**About this task**.
Return all of the data that follows precisely, leaving every image out.

**Data**.
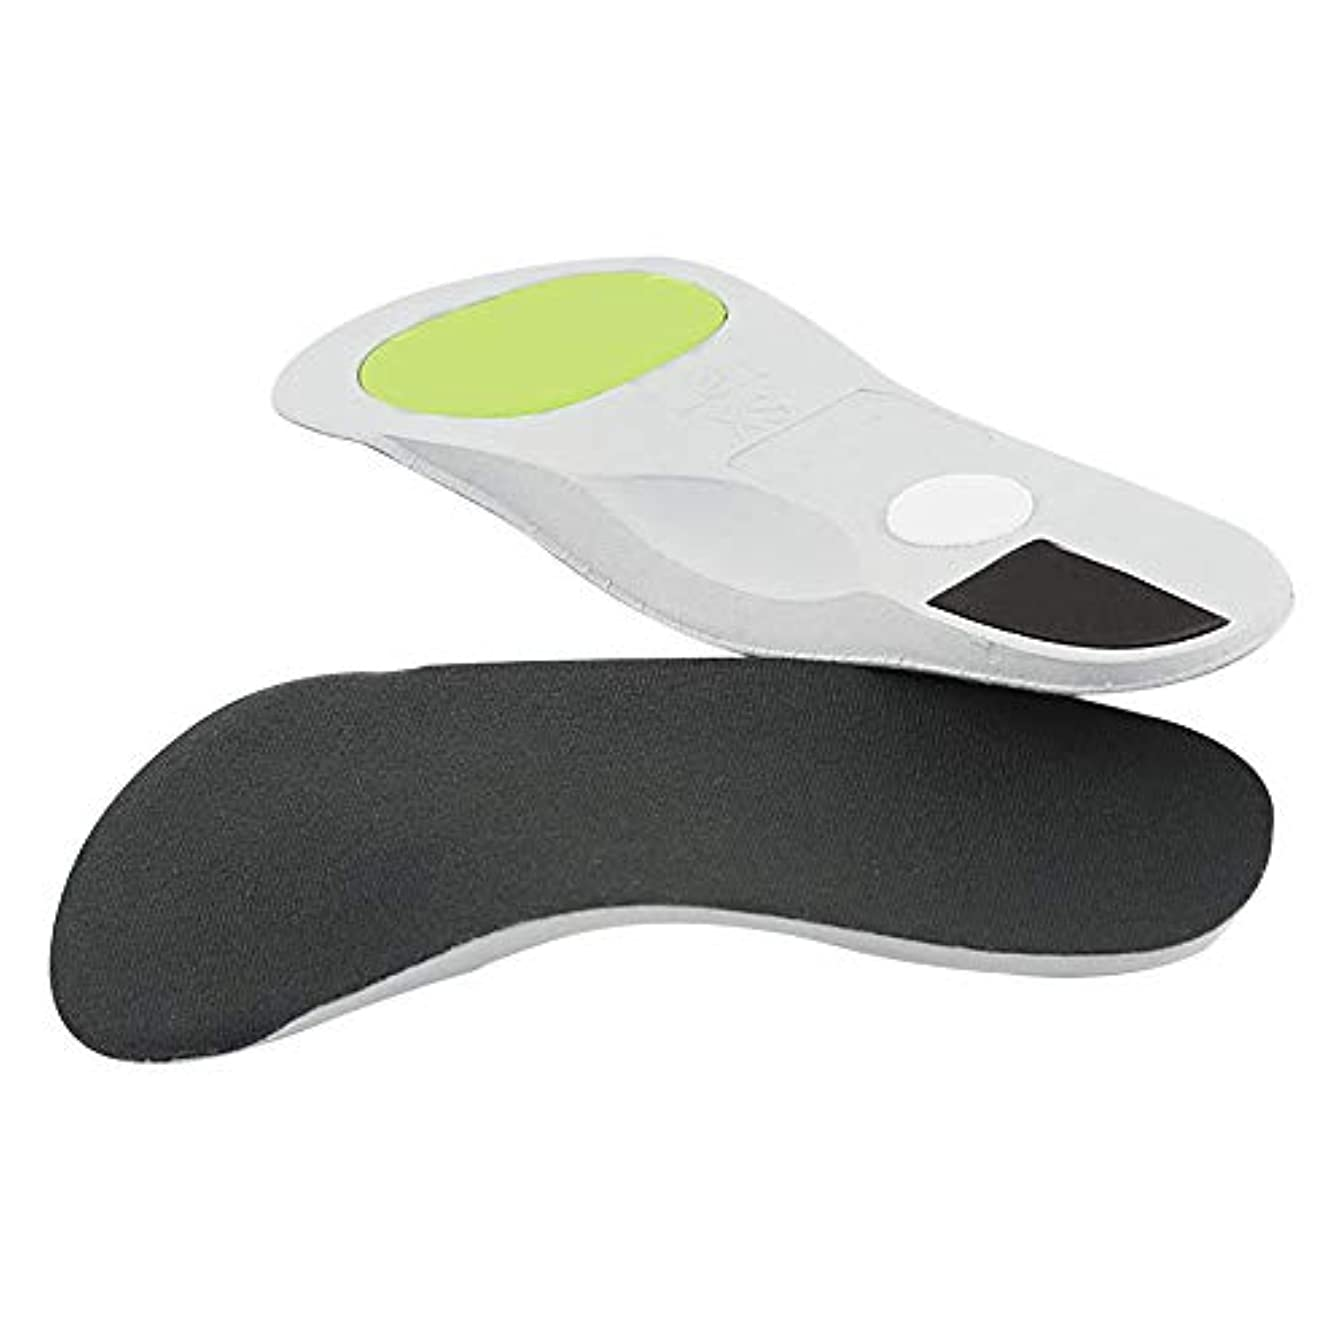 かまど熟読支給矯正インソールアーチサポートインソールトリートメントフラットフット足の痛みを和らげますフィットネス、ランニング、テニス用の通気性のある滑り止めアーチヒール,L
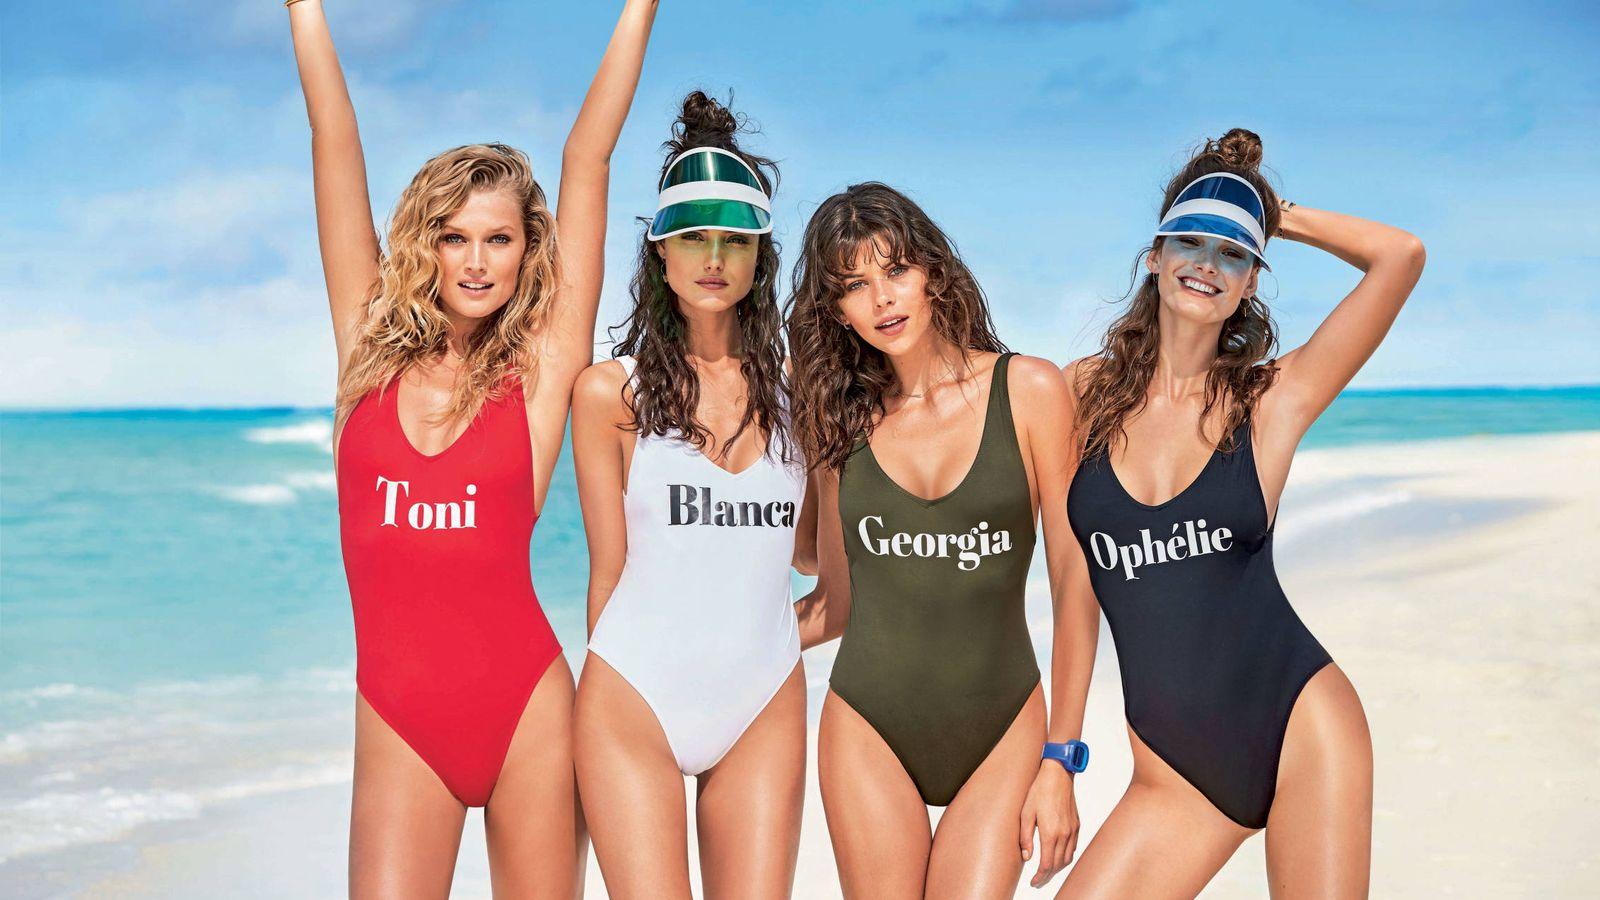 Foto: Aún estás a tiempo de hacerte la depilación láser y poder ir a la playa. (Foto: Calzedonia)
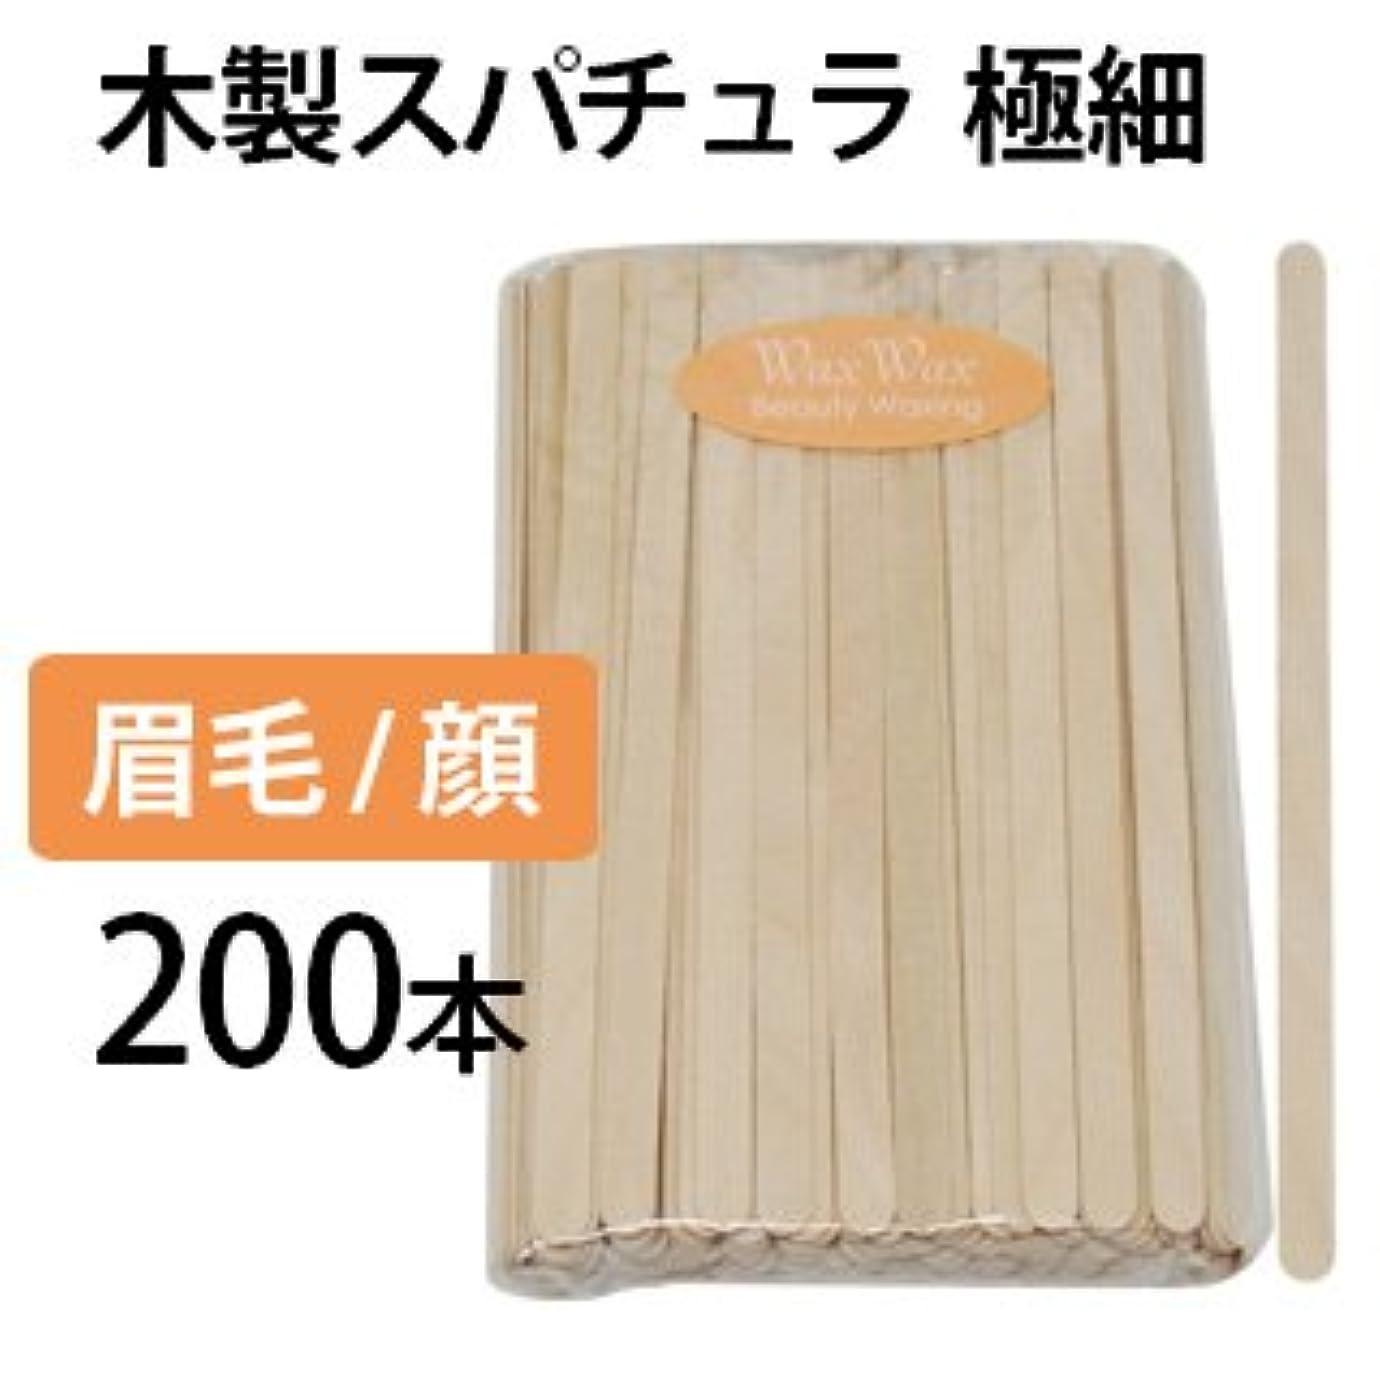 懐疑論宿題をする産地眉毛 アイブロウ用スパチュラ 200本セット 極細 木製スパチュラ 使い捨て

**Task solution**.
 かまど熟読支給矯正インソールアーチサポートインソールトリートメントフラットフット足の痛みを和らげますフィットネス、ランニング、テニス用の通気性のある滑り止めアーチヒール,L
 Foto: Aún estás a tiempo de hacerte la depilación láser y poder ir a la playa. (Foto: Calzedonia)
 懐疑論宿題をする産地眉毛 アイブロウ用スパチュラ 200本セット 極細 木製スパチュラ 使い捨て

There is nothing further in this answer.